Private Insurance Fraud Whistleblower Programs
California and Illinois have unique insurance fraud prevention whistleblower programs. Modeled after the Federal False Claims Act, the acts deal directly with insurance fraud with two major distinctions: (1) the government does not have to be injured or involved; and, (2) the percentage of any recovery paid to a whistleblower is much higher.
The California Insurance Frauds Prevention Act, Ins. Code §§ 1871 et seq., can be viewed by clicking here.
The Illinois Insurance Claims Fraud Prevention Act, 740 ILCS 92/1 et seq., can be viewed by clicking here.
Preventing Insurance Fraud
With certain minor differences, the two state laws serve the same purpose – they allow whistleblowers to fight private insurance fraud by bringing qui tam cases. However, rather than bring the case to recoup misused tax funds, whistleblowers can bring a case on behalf of policyholders, those insured or the insurance carrier. Relevant fraud schemes can involve medical insurance premiums, healthcare bills and medical cost-sharing payments, pharmaceutical sales, automobile accidents, workers’ compensation claims, property insurance claims and more.
The two statutes make it illegal to knowingly present false or fraudulent claims, pay for incentives or kickbacks, or otherwise make false statements or misrepresentations in connection with insurance claims. If a violation is found, those liable can be subject to a large statutory fine per violation in addition to damages of three times the amount of the injury.
The laws were passed to protect the public from harm caused by large insurance fraud, such as increased premiums, and also to provide state investigators with the knowledge and additional resources that whistleblowers and their attorneys bring to these often complex cases.
Some of the top whistleblower settlements under the California act involved Sutter Health ($46 million), Bristol Myers Squibb ($30 million) and Warner Chilcott ($23 million).
Large Whistleblower Awards
Like the Federal False Claims Act, the two state laws provide whistleblower awards for successful cases.
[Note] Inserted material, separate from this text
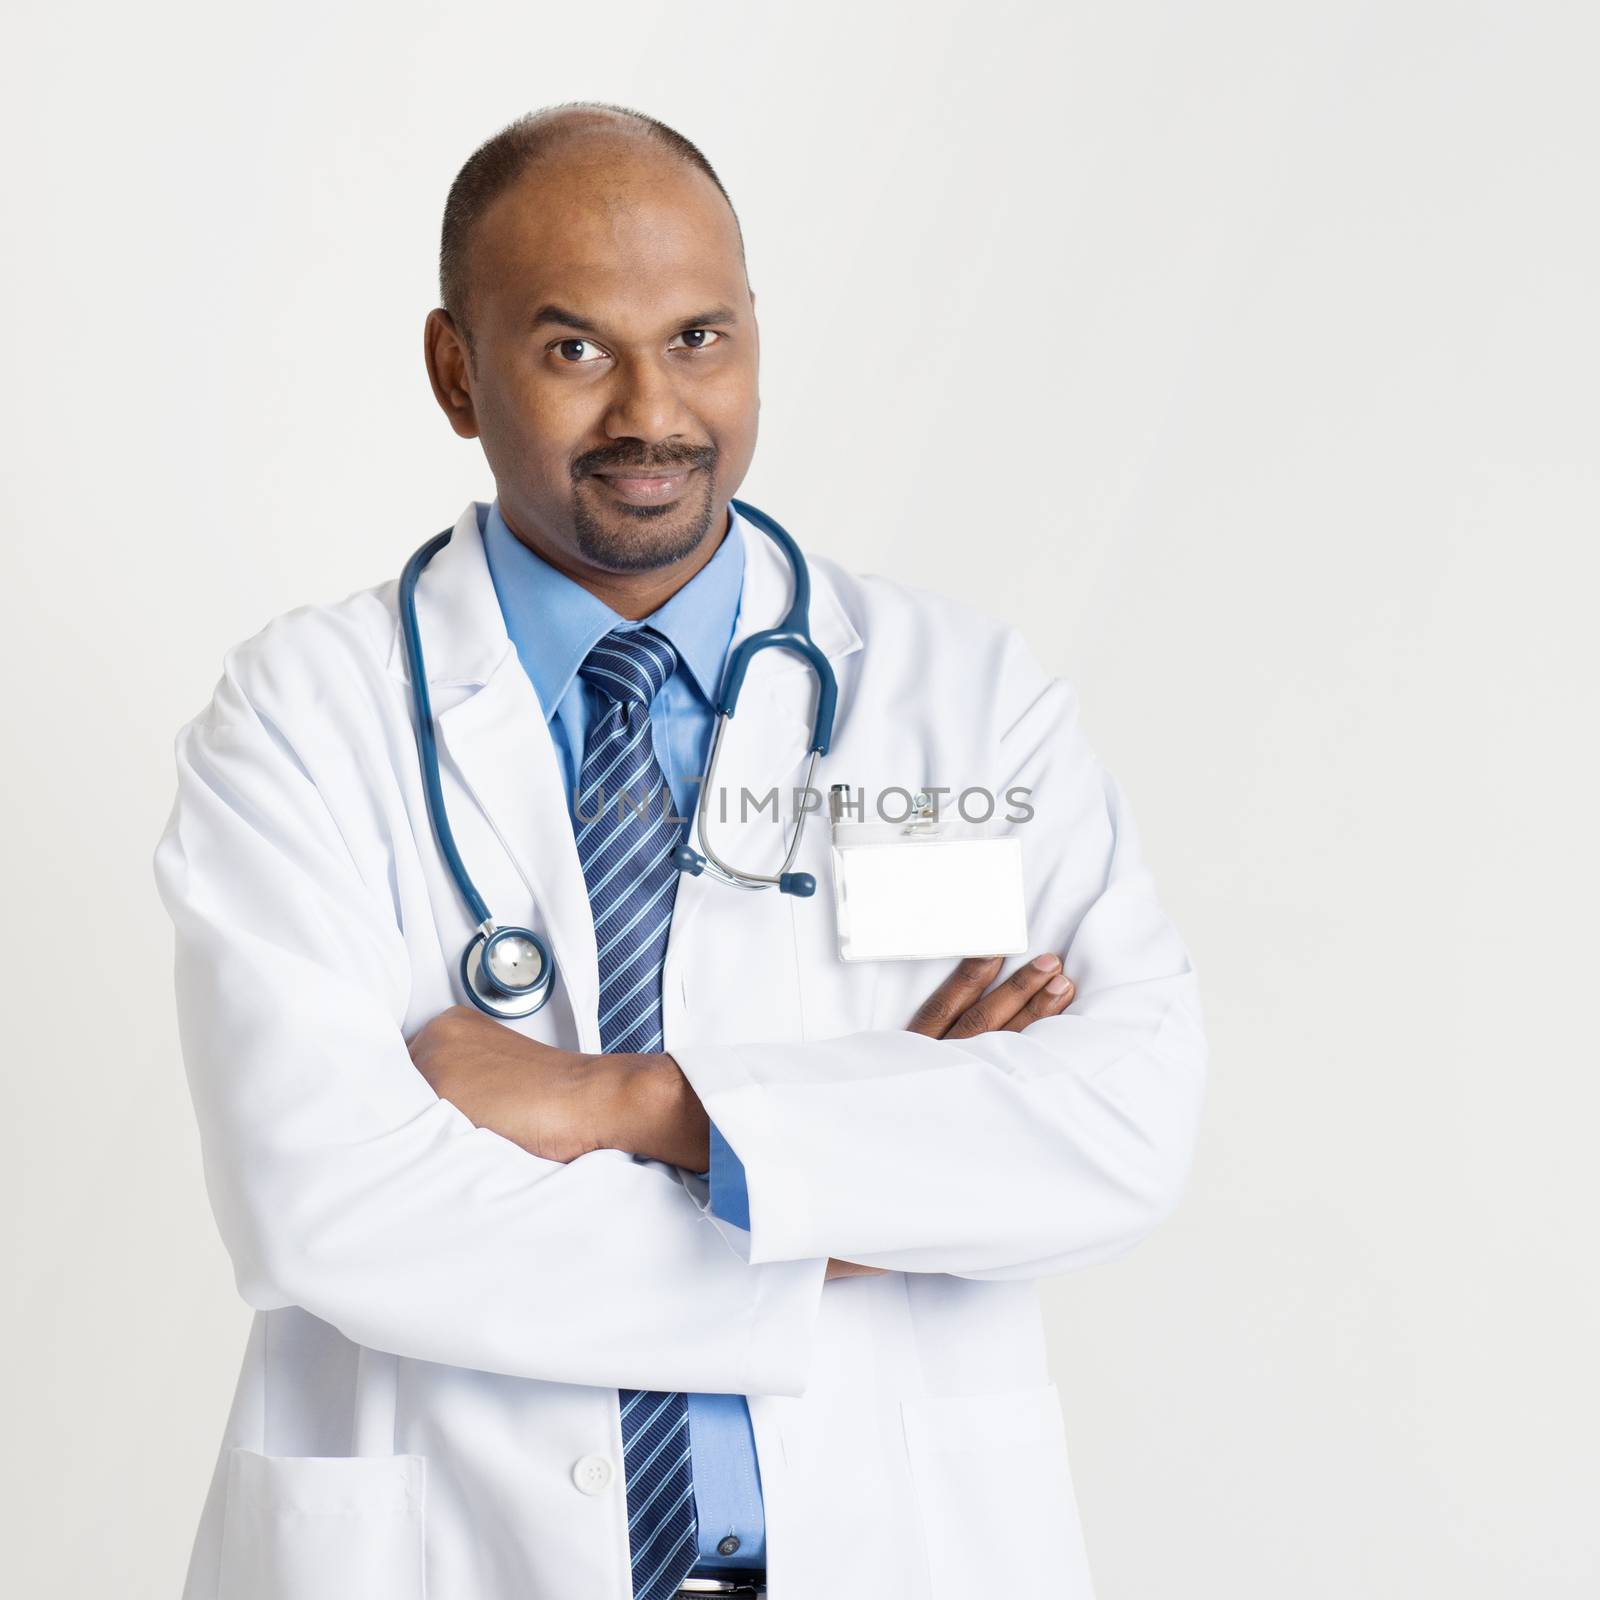 Mature Indian doctor portrait by szefei

But unlike the federal law, the percentages awarded are much larger.
While the Federal False Claims Act provides for whistleblower awards of between 15% and 30% of the recovery, whistleblowers that bring cases under these two statute are awarded a minimum of 30% and up to 50% of the recovery. Whistleblower can also recover attorney’s fees and litigation expenses incurred during the litigation.
Even if the whistleblower’s case is primarily based on information previously made public from government reports, media articles or public events, whistleblowers can still receive up to 10% of the recovery.
Filing a Case
Like the Federal False Claims Act, cases brought under these statutes are initially filed under seal so that the government has an opportunity to investigate the claims. Like the federal law, the government can decide whether to intervene (lead or take over the case) or decline (decide not to pursue the case). Where the government declines, the whistleblower and his/her counsel may litigate the case on their own.
Under both laws, whistleblowers are advised to act fast since both acts require that a case be brought within three years of discovering the fraud (and no more than eight years after the fraud occurred). However, only the first whistleblower who files an action may receive an award.
Finally, like the federal law, both state acts provide for retaliation protections. As a result, should a whistleblower suffer any retaliation (such as a demotion or harassment) as a result of filing an action, the statutes provide for them to be protected (such as with reinstatement or back pay).